What is Data Mining?
Data Mining Defined: Data mining software sifts through very large volumes of data in search of patterns among the data. Kurt Thearling, an expert on data mining, calls it "the automated extraction of hidden predictive information from databases."
Data mining, which is a version of artificial intelligence, has primarily been used to analyze business and scientific data. Data mining can also be used in political campaigns to uncover trends and patterns among voters.
After the 2001 9/11 attacks, the U.S. government grew interested in potential applications of data mining techniques to counterterrorism.
What is "data" and how is it used?: Data are numerical or other facts that are collected for the purpose of analysis. Phone numbers and sale totals are data; so are names and places. When you go to a store and the sales checkout person asks for your phone number or zip code, they are collecting data that will help that store understand buying patterns, such as how many other people in your zip code bought the same item, or spent the same amount of money you did at the store? Data mining finds these patterns and permits businesses to make predictions about how buyers in that same area code will behave in the future.
How Data Mining Works: Data mining uses a variety of mathematical algorithms to analyze historical data. The results of this analysis are then used to build models based on real world behavior, which are in turn used to analyze incoming data and make predictions about future behavior.
The government would like to apply these algorithms to intelligence questions. Take the real world example of the 9/11 attacks. There is historical data about these attacks: a number of foreign men applied to flight school in the United States as part of their attack planning. Based on this historical data, a model can be created that collects data on all of the future applicants to flight schools to see whether any are foreign, or share other characteristics.
Data Mining Techniques and Counterterrorism:The 9/11 attacks of 2001 aroused increased government interest in technological approaches to preventing terrorism and brought it into public view. In February, 2002, the U.S. Office of Science and Technology Policy convened government representatives and industry leaders to discuss how they could use data mining as a counterterrorism tool.
Actually, though, interest in data mining began before September 11, 2001: In the late 1990s, the Department of Defense authorized a data mining program called Able Danger, that was used to gather counterterrorism information, including information about Al Qaeda, from late 1998 through early 2001.
Is Data Mining a Productive Counterterrorism Tool?
At present, probably not. Here are a few of the challenges preventing data mining from being a truly useful tool:
There is Not Enough Data to Indicate Patterns of Terrorist Behavior: Data mining is a technique best reserved for large data sets. There is not enough data about terrorism or terrorists to build a good predictive model.
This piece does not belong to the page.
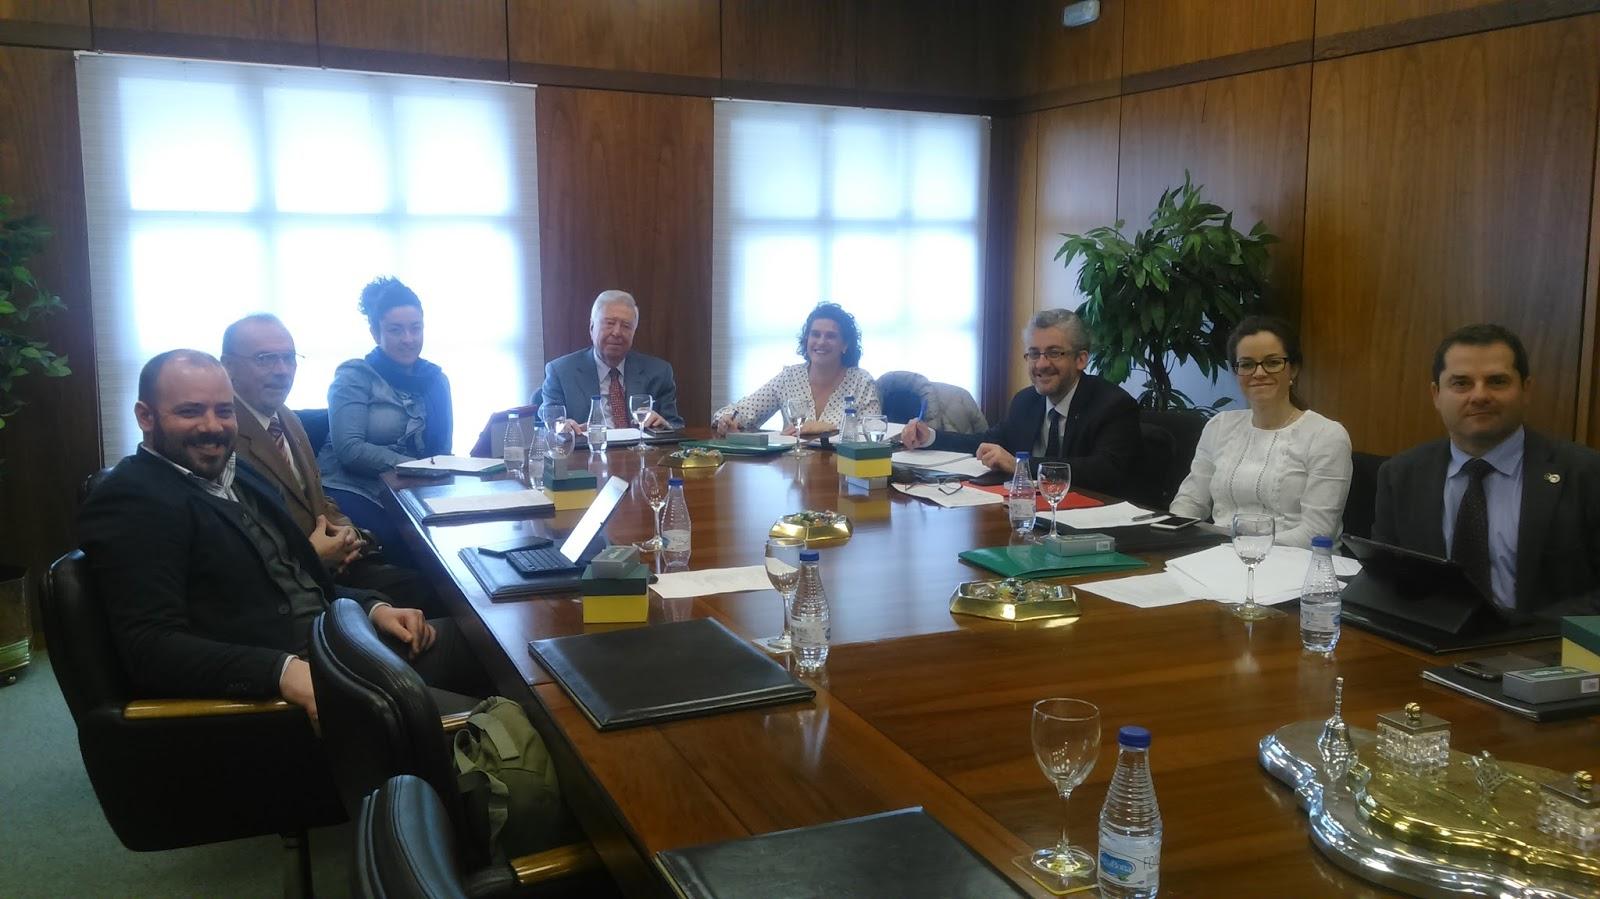 'Huelva Potencia Económica' se fija como primer objetivo impulsar el proyecto CEUS

While many, many people shop for groceries in a day, not very many plan or execute terrorist attacks. This means there is very little data on which to base a model, which in turn means that the data being used to build a model does not represent a pattern of behavior, but a one or two time event.
Put this model to work, and it is more likely to be profiling than it is finding instances of a pattern that will reveal terrorists at work. For example, if we were to build a model predicting a terrorist attack based on 9/11, we might create a model that would correlate male Arab men who had attended flight school with purchases of airline tickets. But there is no evidence whatever that this behavior is a pattern, rather than a one time event.
And, if there were someone like a Timothy McVeigh, an American born man who destroyed the Alfred P. Murrah Federal Building in 1995, preparing another attack with a truck bomb made with purchased fertilizer, he would be completely missed.
The use of data mining to track activities that may indicate a terrorist cell probably has a higher chance of success than that seeking to predict an attack.
Anomalies are not Anomalous Unless There is a Pattern: If there is no typical profile of terrorist behavior provided by data, then perhaps terrorists can be identified because they don't act the way that most people behave. However, this is neither useful, nor in keeping with traditional American individualist ideals. Americans have never valued homogeneity and it is somehow offensive to start setting standards for behavior on the basis of how much each American acts like every other one. As a 2006 Cato Institute study suggests, it would also not be very productive: "Terrorists could defeat it by acting as normally as possible." (Effective Counterterrorism and the Limited Role of Predictive Data Mining , Jeff Jonas and Jim Harper, 2006).
The Government Must Use a Great Deal of Private Information: The biggest complaint about data mining, whether by businesses or governments, is that it violates our privacy by collecting and examining a great deal of information about us. Government intrusion seems especially egregious to us because it is, after all, the government that is supposed to protect citizens' right to privacy.